Research Questions Addressed

  1. How well do current LLMs identify the most ethical course of action in clinical settings?
    • Partial competence with significant failures, especially on complex cases
  2. Does domain adaptation or external knowledge retrieval improve ethical performance?
    • Domain adaptation helps modestly; RAG provides minimal benefit
  3. Do model confidence scores and natural language rationales provide reliable signals of ethical soundness?
    • No—models can be confidently wrong; rationales often miss critical reasoning

Impact and Implications

Societal Impact

Early Warning Signal: Systematic evidence of LLM failures in medical-ethical reasoning enables development of safer clinical decision-support tools

Clinical Safety: Highlights dangers of over-reliance on LLMs in high-stakes settings, prompting:

  • Rigorous human oversight requirements
  • Additional safety checks before deployment
  • Domain-specific alignment investments

Broader Implications

  1. Current State: LLMs exhibit partial understanding of medical ethics but lack reliability for clinical use
  2. Deployment Risk: Ethically flawed suggestions could jeopardize patient safety and erode public trust
  3. Research Needs: Better training methods, stronger grounding in ethical principles, and more thoughtful evaluation required

Technical Contributions

  1. Curated Evaluation Benchmark: 100-question dataset covering diverse high-stakes ethical scenarios
  2. Dual Probing Framework: Combined confidence analysis and reasoning evaluation for comprehensive assessment
  3. RAG Pipeline for Ethics: Retrieval system using professional medical ethics guidance
  4. Systematic Comparison: Domain adaptation, few-shot learning, and external knowledge effects

Conclusion

This study demonstrates that current language models show partial understanding of medical ethics principles but are not yet reliable for clinical applications. Simply adding more context through retrieval or examples is insufficient—models need fundamental improvements in how they reason about and apply ethical principles in complex situations.

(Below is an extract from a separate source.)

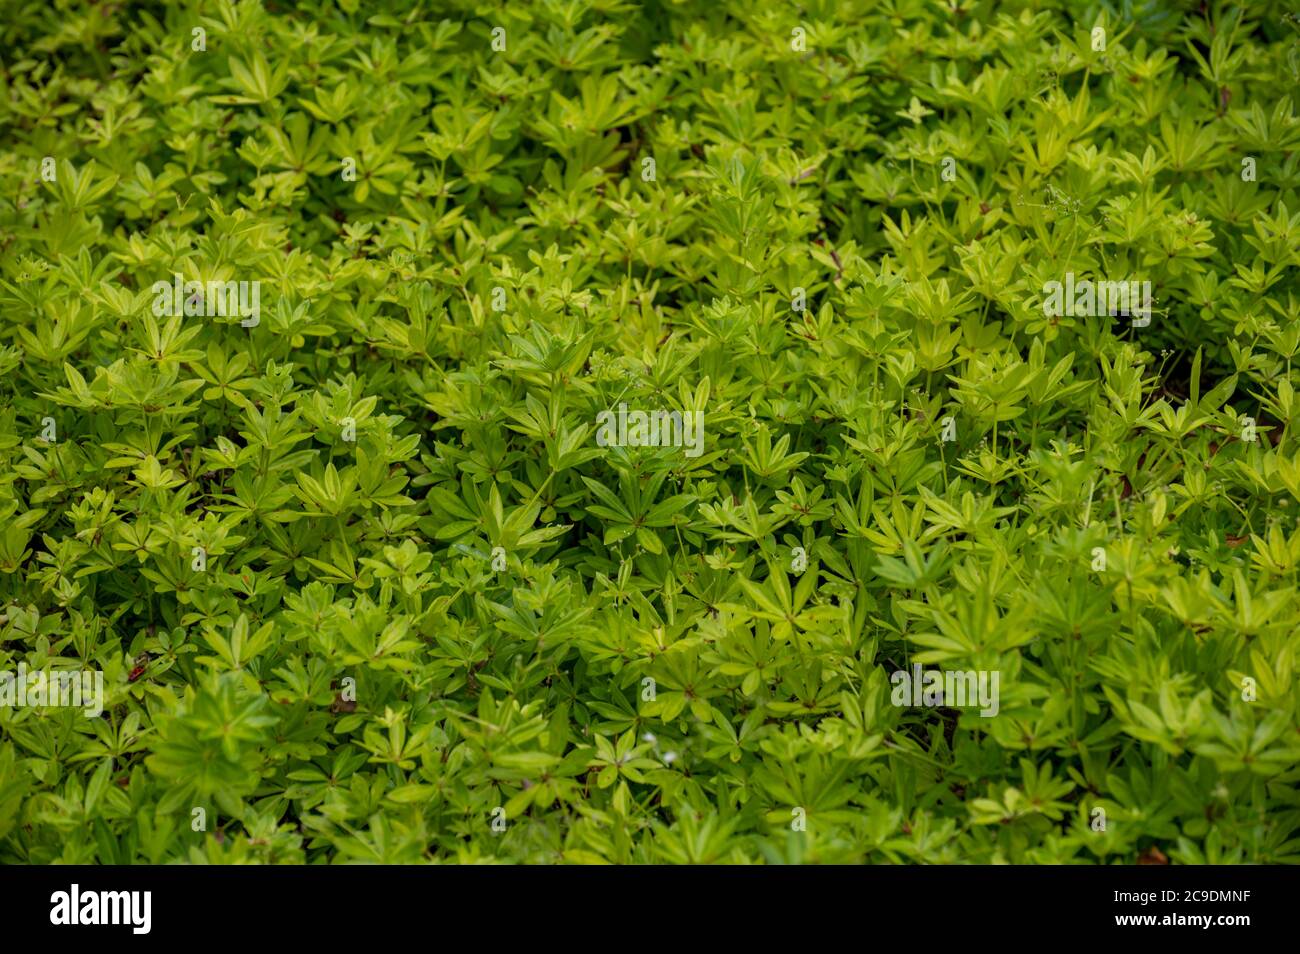 Botanical collection of medicinal plants and edible herbs, Asperula or Galium odoratum or sweetscented bedstraw plant in summer Stock Photo
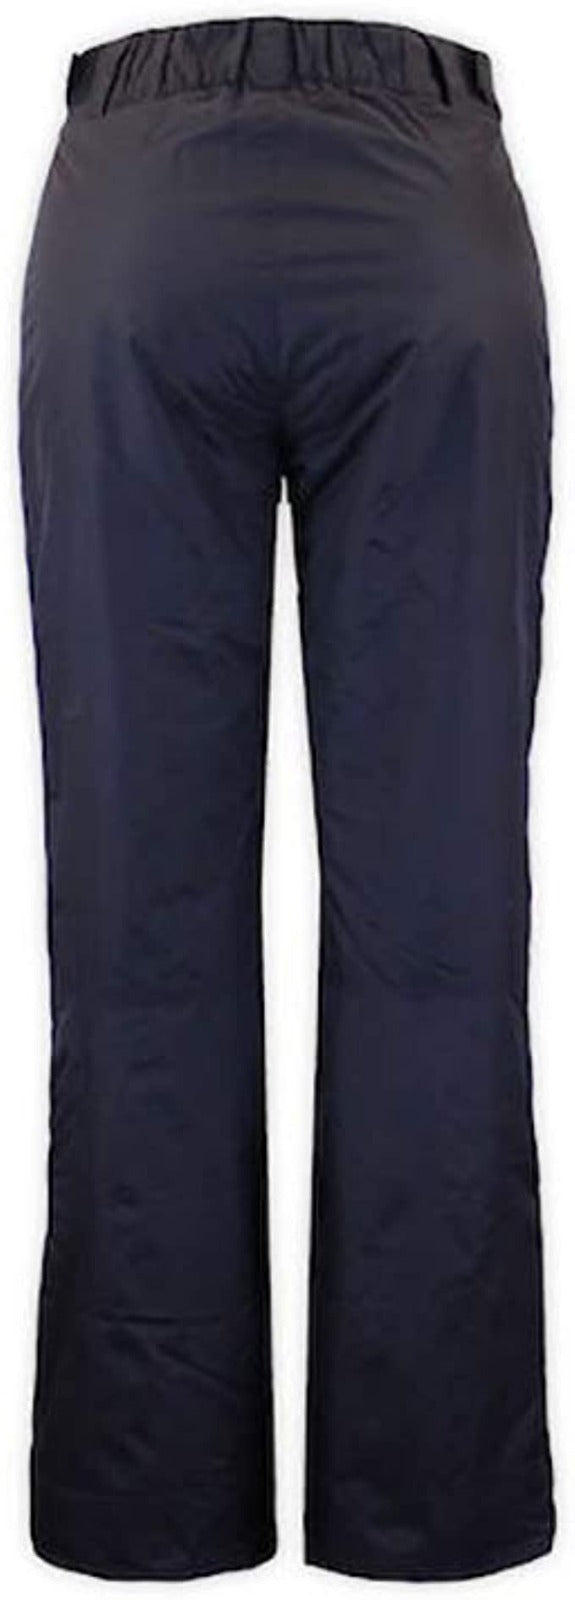 Rawik Insulated Water-Resistant Storm Pant (Women's) Rear

The findings serve as a critical foundation for future work on trustworthy medical AI, emphasizing the need for human oversight, specialized training, and robust safety mechanisms before LLMs can be responsibly deployed in healthcare settings.


This research contributes to the responsible development of AI systems in healthcare by identifying specific limitations and risks in current LLM approaches to medical ethics.